**Stored data**:
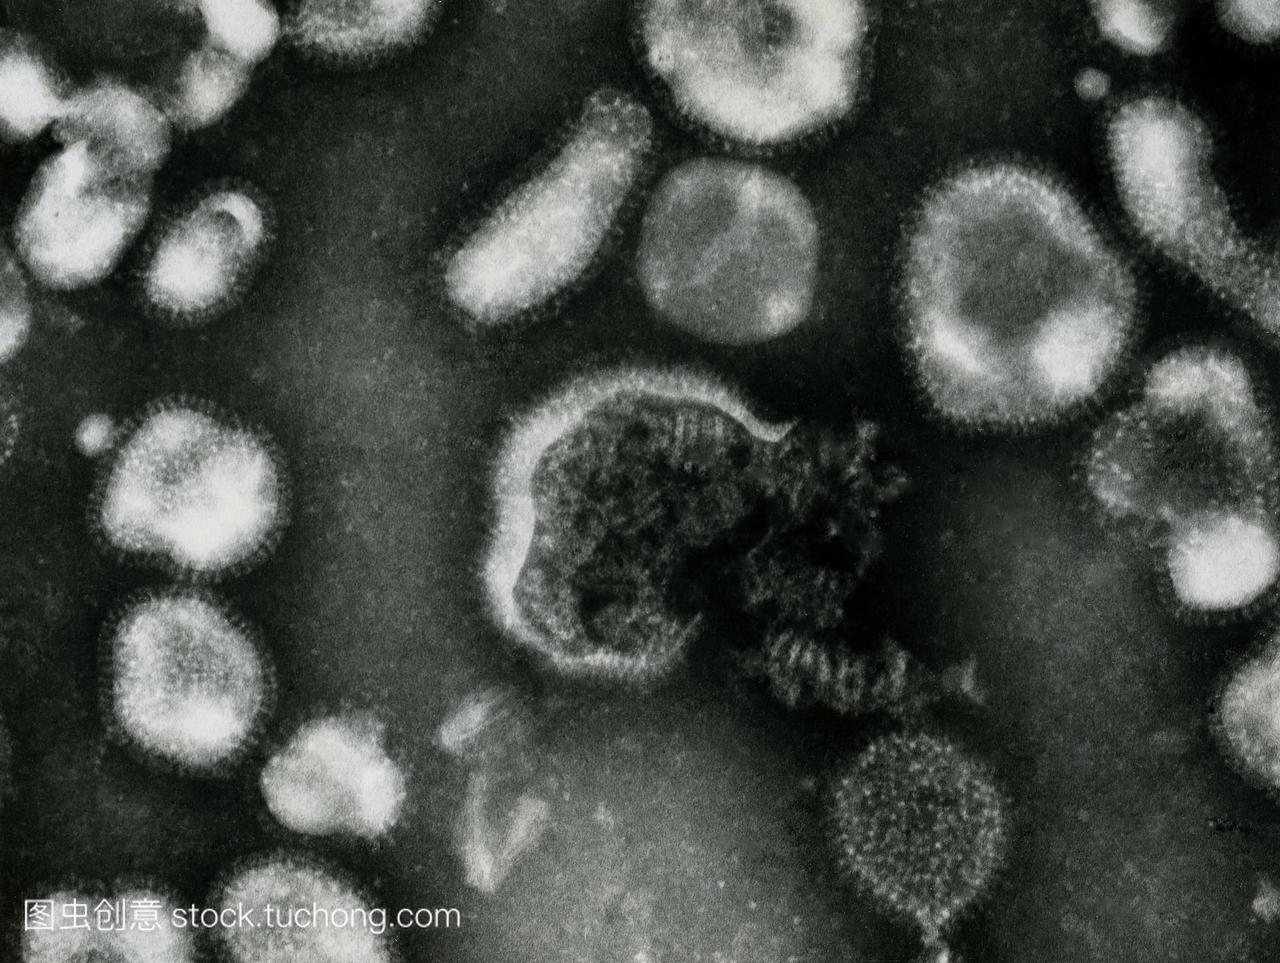 禽流感病毒。透射电子显微照片的禽流感病毒。
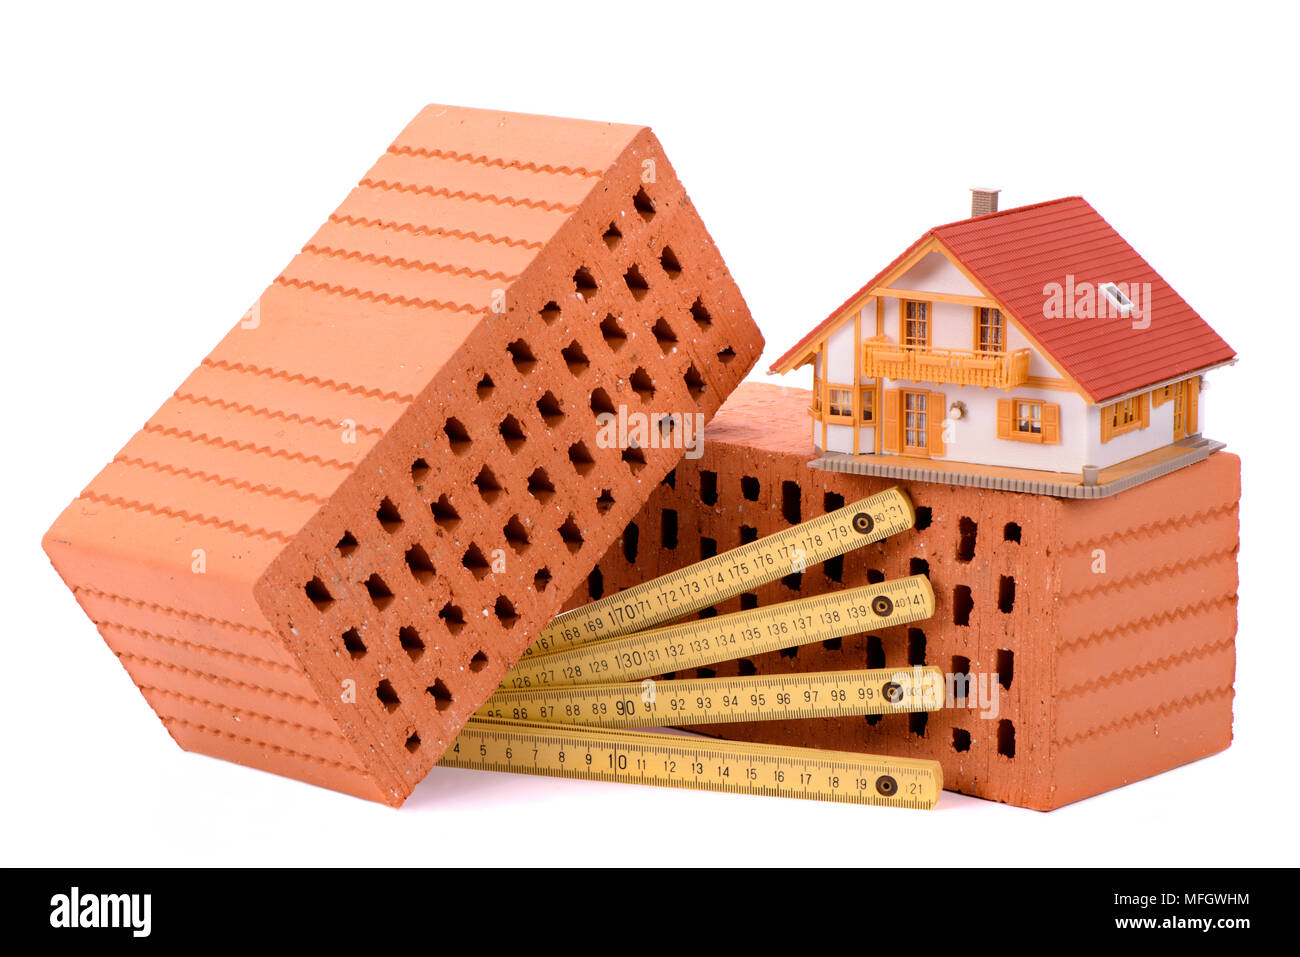 Construction d'une maison avec des briques, outils, plan et model house Banque D'Images
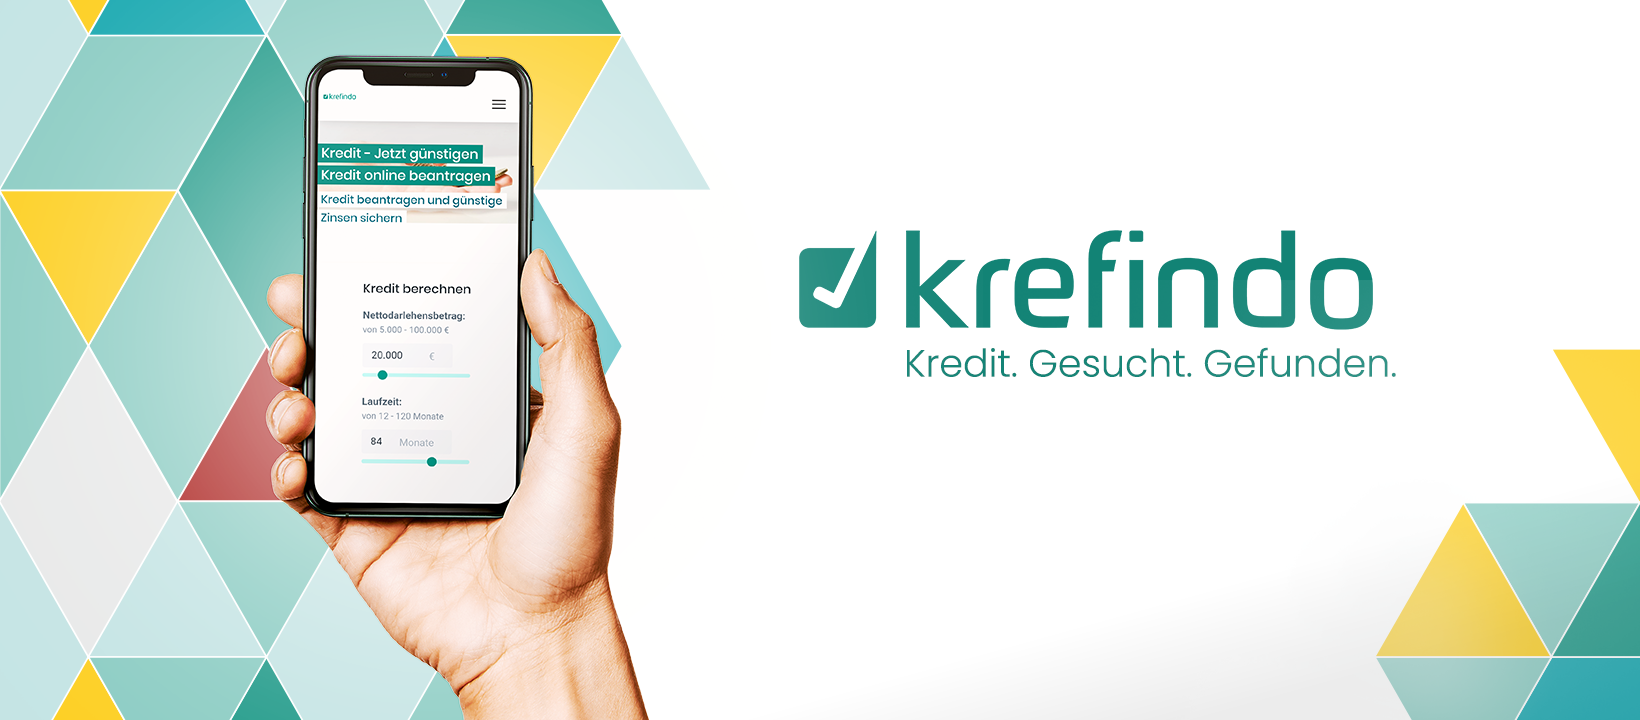 krefindo / startup from Dresden / Background

**Exercise brief**:
Give every line above again exactly, with no pictures.

**Written response**:
 禽流感病毒。透射电子显微照片的禽流感病毒。
 Construction d'une maison avec des briques, outils, plan et model house Banque D'Images
 krefindo / startup from Dresden / Background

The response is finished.